Des forêts de couleuvres de Laure Anders par Christophe Stolowicki
Sur la quatrième de couverture, la couleur que l’on devine mauve est clairement annoncée : d’amours touffues, accessoirisées, en deux consonnes qui essaiment leur portée de sens : entre « rouleaux de film alimentaire, / pinces à linge en plastique ou en métal, // […] Leurs bagages ne différaient pas tellement / de ce que contient le cabas d’une ménagère. »
« Shhh », ou le sifflement des lanières ? L’écriture est douce, « une fleur pousse au creux de tes paumes / Elle te dit que tu es de ciel et d’eau // […] Tu préfères sentir tes viscères / durcir comme du cristal // Tu préfères ne plus rien savoir / de ce que demain te réserve / Et tu berces les bleus sur ta peau »
Faisant courir sous des pseudonymes des livres pour la jeunesse, rémunérés en droits d’autrice, Laure Anders garde une facilité de touche qui quand la sincérité est en jeu creuse, fluidifie le contraste entre son sujet et le libre cours du poème. On la lit avec un bonheur attentif, reconnaissant qu’elle soit qui elle est : l’écrivain, la poète de ce que tant de femmes préservent par devers elles comme un monstrueux, un affligeant secret.
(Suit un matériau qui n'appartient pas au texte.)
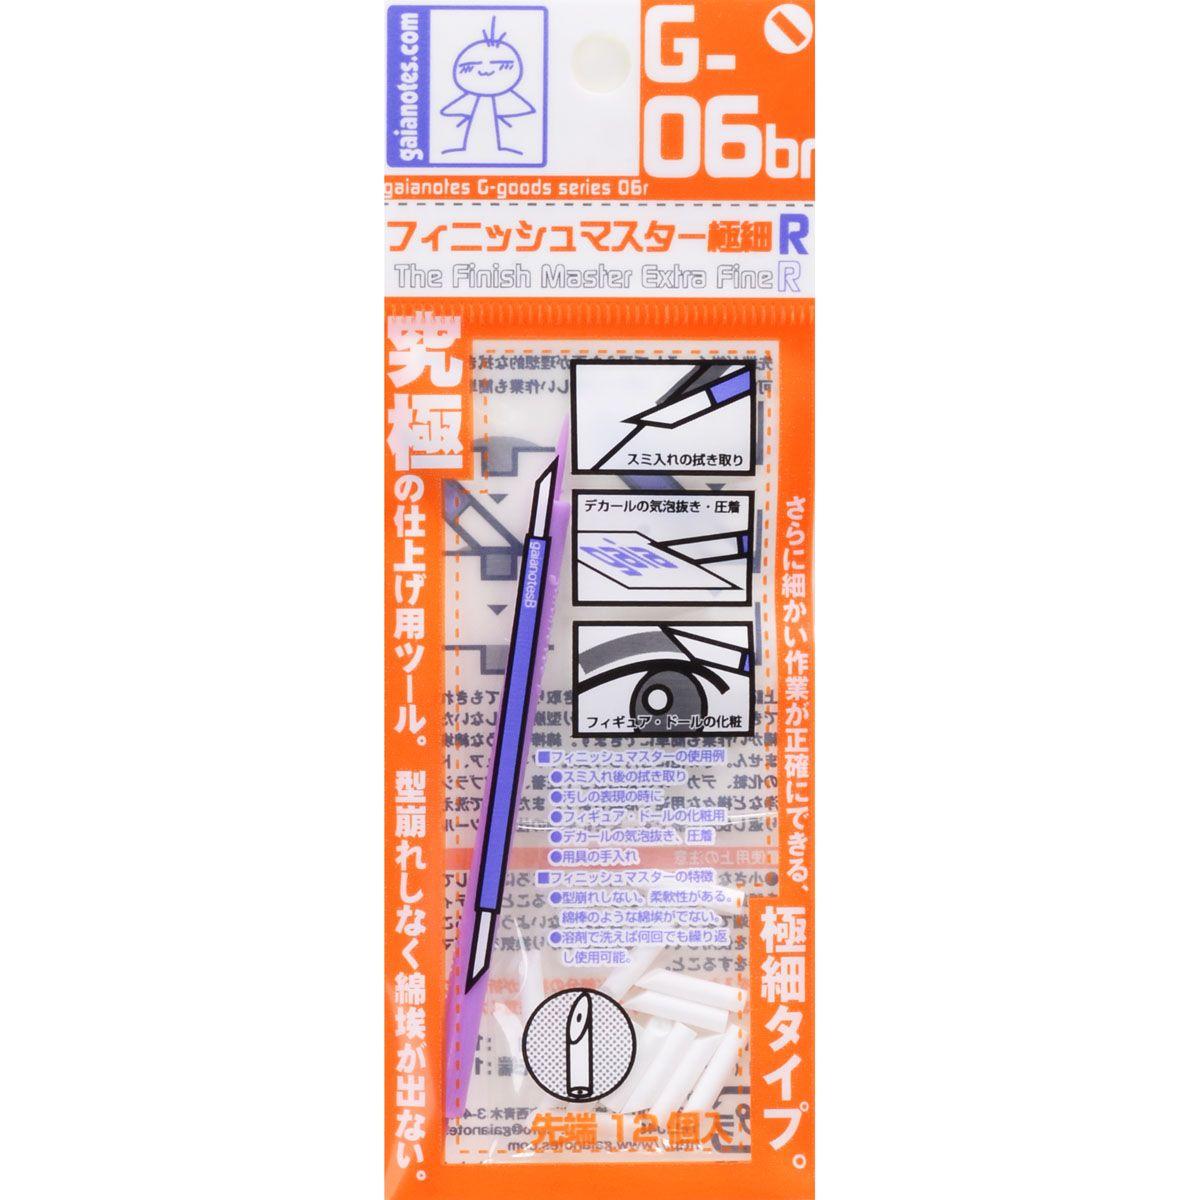 ปากกาลบเส้น GAIA G06Rbr (หัวเล็ก)

Cela dit. D’autres secrets, plus essentiels, courent à fleur de rêves : « La nuit / je cherche où les mots se cachent/ […] flairant l’animal de ma peur / Mais l’animal résiste / alors plus loin / j’enfonce mon poing dans ma bouche / puis mon bras tout entier ». La douceur soumise recèle une douleur secrète que seul le poème, né de la nuit, révèle. « Nuit sait faire flaque de toute encre ».
Il est en Laure Anders une solitude profonde, cultivée à loisir, qui dans Cent lignes à un amant (2018) se laissait deviner – objet d’une pudeur essentielle, dévoilant ici seulement ses arcanes. Combien de vies dans le creuset d’un vers ? Soi accroché aux ronces, aux barrières de ferme. Quand « chaque jour est une glace sans tain / derrière laquelle tu t’observes ». Toute une vie pesée au trébuchet d’une strophe. Si la poésie a raison d’être, c’est ici. Soi « quand tu t’appuyais aux arbres / palpée par des paumes inconnues / quand ta peau appelait la terre / […] tout ce que tu mordais si fort / avant que la vie t ‘éclabousse ». En fulgurance longtemps alentie. Soi comme un devoir longtemps différé.
Quand tant de poètes pratiquent le tourisme verbal de l’extrême, Laure Anders reste puissamment, compulsivement en deçà du vécu, du pensé.
Laure dans sa forêt (« là où la forêt dévale / s’engloutit dans les plis du soir »), au seuil de soi, sur « Un banc étendu comme un corps […] gravé de noms en braille au couteau / m’allonge à mon tour / pour imprimer ses mots sur mon dos. » Les mots imprimés dru au revers de ses rêves, lancinante douceur. Les mots du corps accord distendu de fausset, les mots dans le fossé versés qui lui tient lieu de lit, son « régal de velours » quand le faux sait tenir lieu d’ivraie.
Une solitaire sol y terre bémol.
« Ils se retrouvaient dans des hôtels à flanc de forêt, / [...] Il la tenait en laisse par l’anneau qu’elle portait au nez. / Elle était sa bête docile, / venue de très loin pour oublier des peurs anciennes ». Frontalière, qui fait suite aux forêts de couleuvres, est « cette ville frontalière » où Laure rejoint son amant, est ce prosaïque quoiqu’en vers encore récit explicatif – j’y lis l’envers de border line, le basculement esquivé dans la folie. Frontalière est la détente, le soulagement érotique de se soumettre pour comprendre, la conversion en prose du vers resté poème. « Il souhaitait qu’elle s’agenouille / qu’elle accepte les gifles comme des fleurs ». Les peurs anciennes suffisamment explorées. Subissant « martinet », « cravache », « canne anglaise » « pour qu’il l’accueille enfin. / Pour qu’on l’accepte enfin. » Cette aventure a sa fin classique.